In his Sunday Wall Street Journal commentary on May 17, Brian Potts suggests that cost is the bottom line in the electric customer shift to solar, and that solar costs too much. But his defense of the utility's view of energy costs leaves a big hole in the big picture: the value of solar energy.
First, his cost estimates don't add up. He claims utility-scale solar costs 13 cents per kilowatt-hour, but Vote Solar reported that the Palo Alto, CA, municipal utility signed solar contracts for 6.9 cents nearly two years ago. Prices fell 13% in 2014 alone, according to the Solar Energy Industries Association.
The attack on rooftop solar also falls short. The break-even price for a rooftop system in Palo Alto is 10.8 cents over 25 years (calculated with NREL's System Adivsor Model), 50% higher--not 3.5 times higher-- than the utility scale solar array. Mr Potts may be right that net metering isn't the perfect policy for compensating solar producing customers, but that's because it's a compromise accounting method to accurately track electricity sent back to the grid. This was done because it is the easiest way for the utilities to accommodate solar with their old meters and antiquated billing systems.

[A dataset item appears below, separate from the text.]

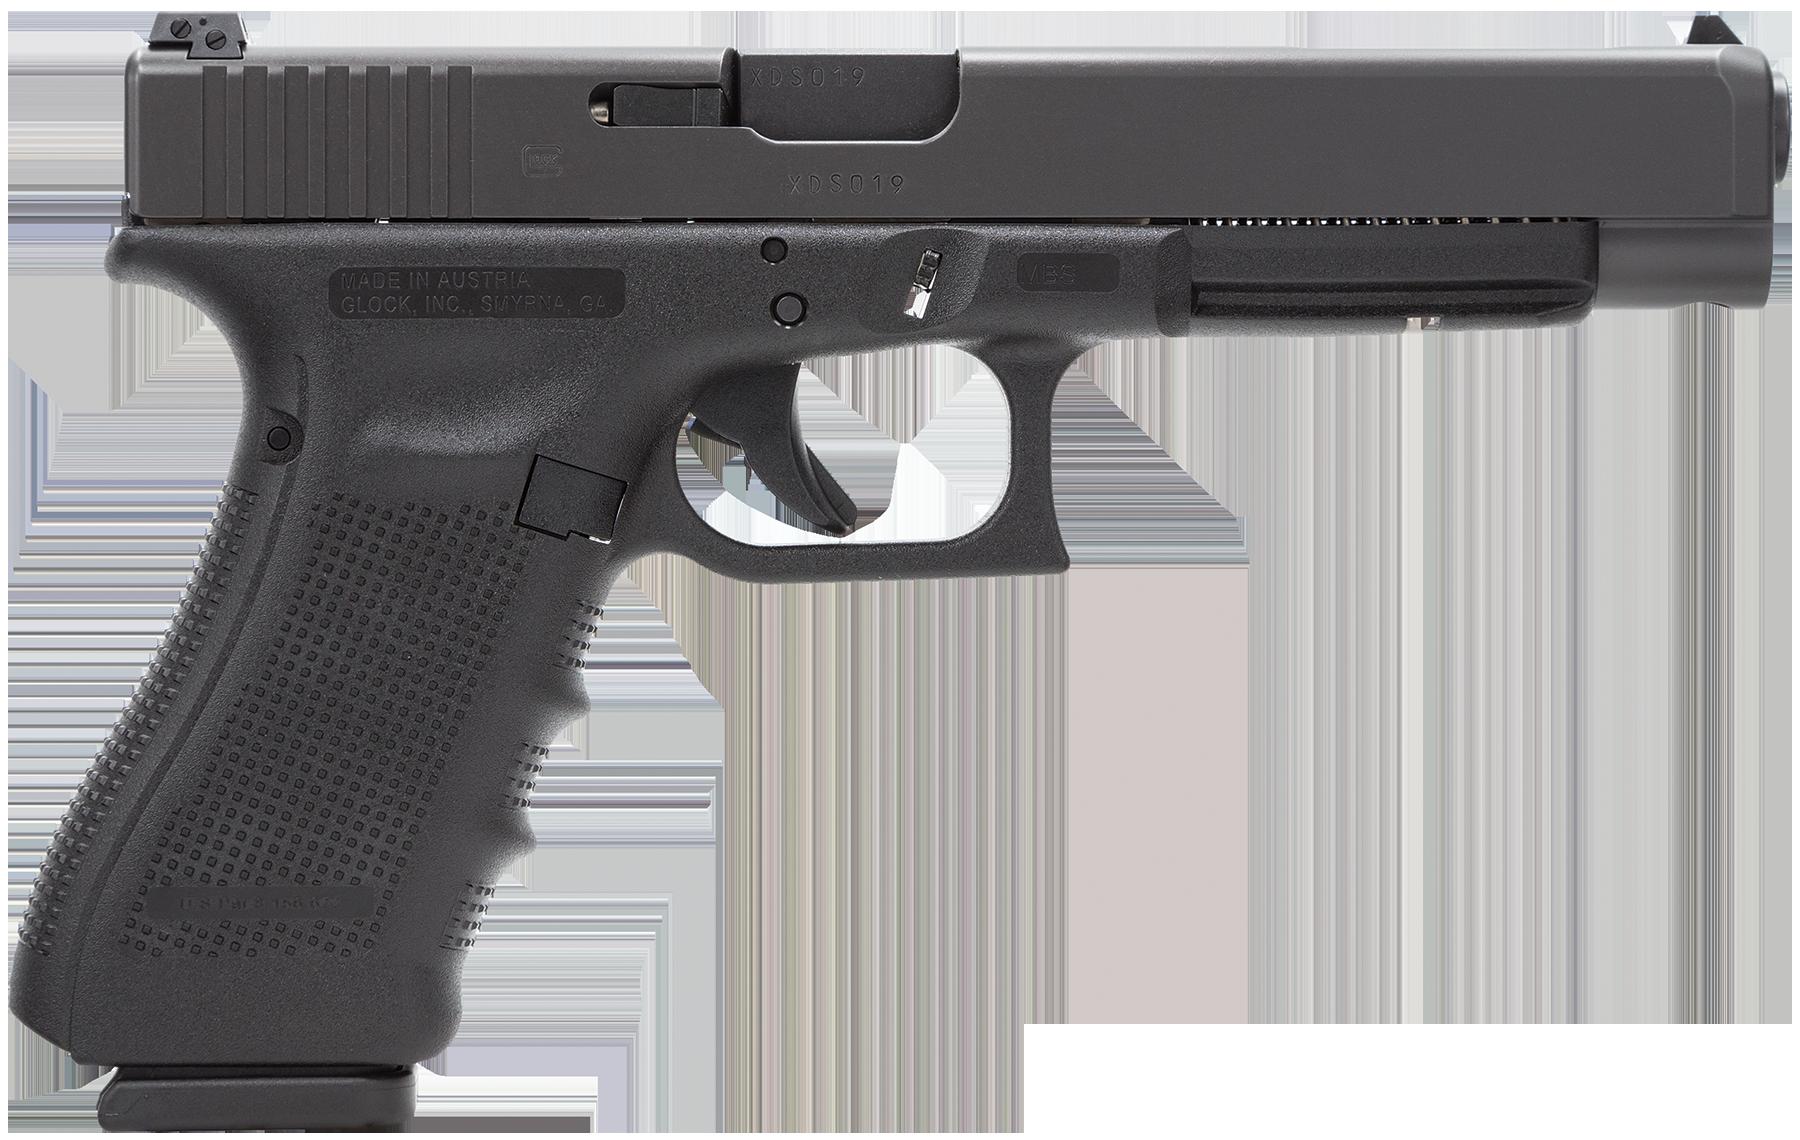 40 glock bullet clipart jpg freeuse Glock 22 .40 S&W Glock Ges.m.b.H. GLOCK 17 - others png download ... jpg freeuse

Net metering and Mr Potts both ignore the value of solar energy: to an electric grid that favors energy production in the afternoon and on hot, sunny days; as a zero-volatility fuel source; as a hedge against environmental compliance costs; as a near-zero water consumer in an era of drought. He ignores the numerous state studies that show a net benefit from net metering.
Most notably, Mr Potts ignores the opportunity cost of propping up a dying monopoly business model to fend off innovative entrepreneurs and customers. The utilities are loath to allow such competition, but letting them cling to it is a cost we can't afford.